Sekolah lapang tidak hanya memberikan pembelajaran teknis kehutanan tentang PLTB, pemanfaatan limbah PLTB, budidaya tanaman kehutanan, dan pengembangan usaha produktif, namun juga memberikan pembelajaran kepada anggota kelompok tani hutan (KTH) dalam mengelola lahan, membangun jejaring kerja kelompok, solidaritas, gotong royong, dan kebersamaan serta nilai sosial lain yang dapat memperkuat kelembagaan KTH. Modal sosial tersebut menjadi modal dasar kelompok menuju kemandirian.

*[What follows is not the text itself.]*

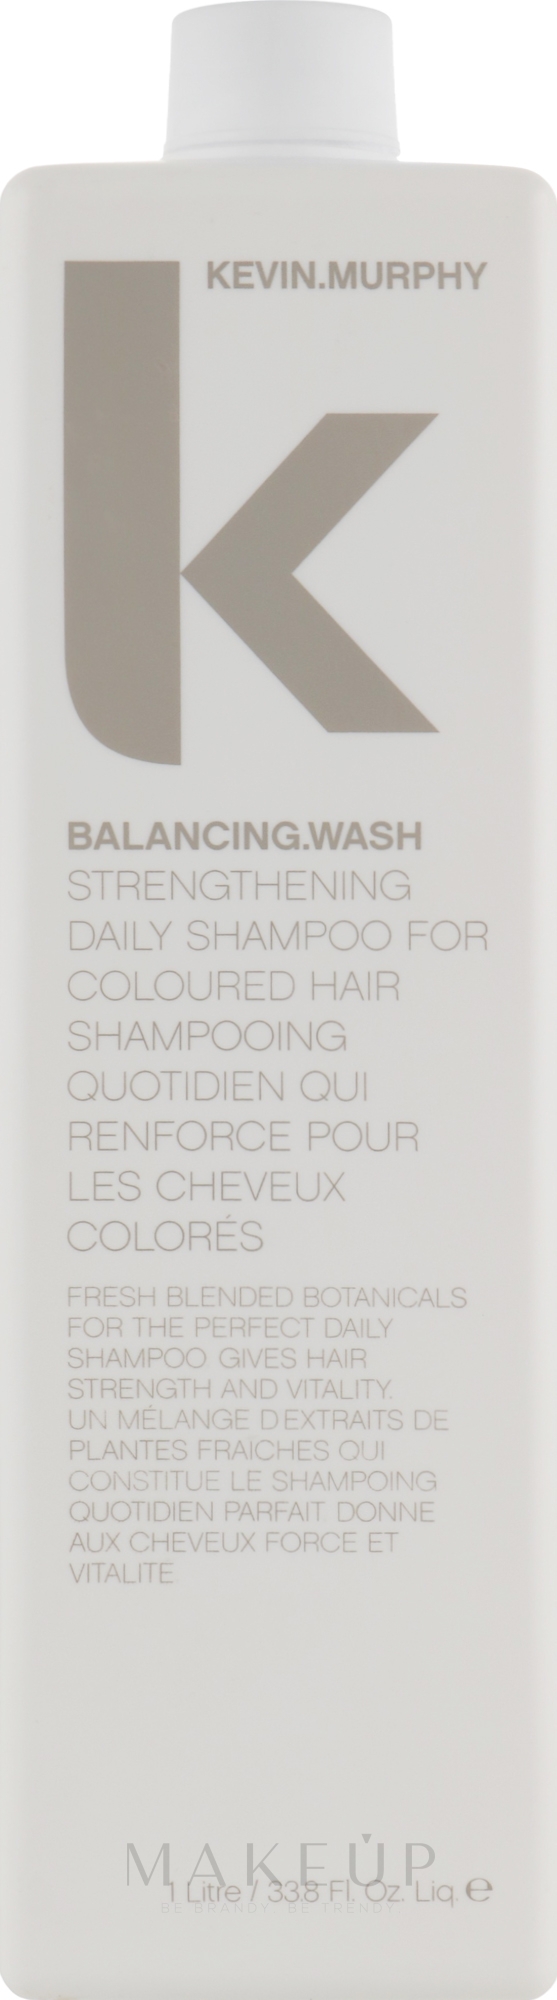 Stärkendes Shampoo für den täglichen Gebrauch - Kevin.Murphy Balancing.Wash — Bild 1000 ml

Sekolah lapang ini dilaksanakan di 3 (tiga) lokasi yang rawan kebakaran hutan, yaitu KTH Mencolok II (Jambi), KTH Usaha Parit Lantong (Kalimantan Barat), dan KTH Jaya Lestari (Kalimantan Tengah). Metode sekolah lapang (SL) ini merupakan metode penyuluhan dengan pembelajaran partisipatif berdasarkan pengalaman, keterlibatan aktif peserta, mencari dan menemukan fakta sendiri, mendiskusikan sesama peserta, serta mengambil keputusan bersama.

Hasil yang diperoleh dari SL selain keterampilan PLTB, budidaya tanaman kehutanan dan semusim, usaha kompos, cuka kayu, madu, dan makanan olahan cuka kayu.
Atas hasil tersebut, metode SL dapat diadopsi dan diimplementasikan pada setiap kegiatan pembangunan lingkungan hidup dan kehutanan.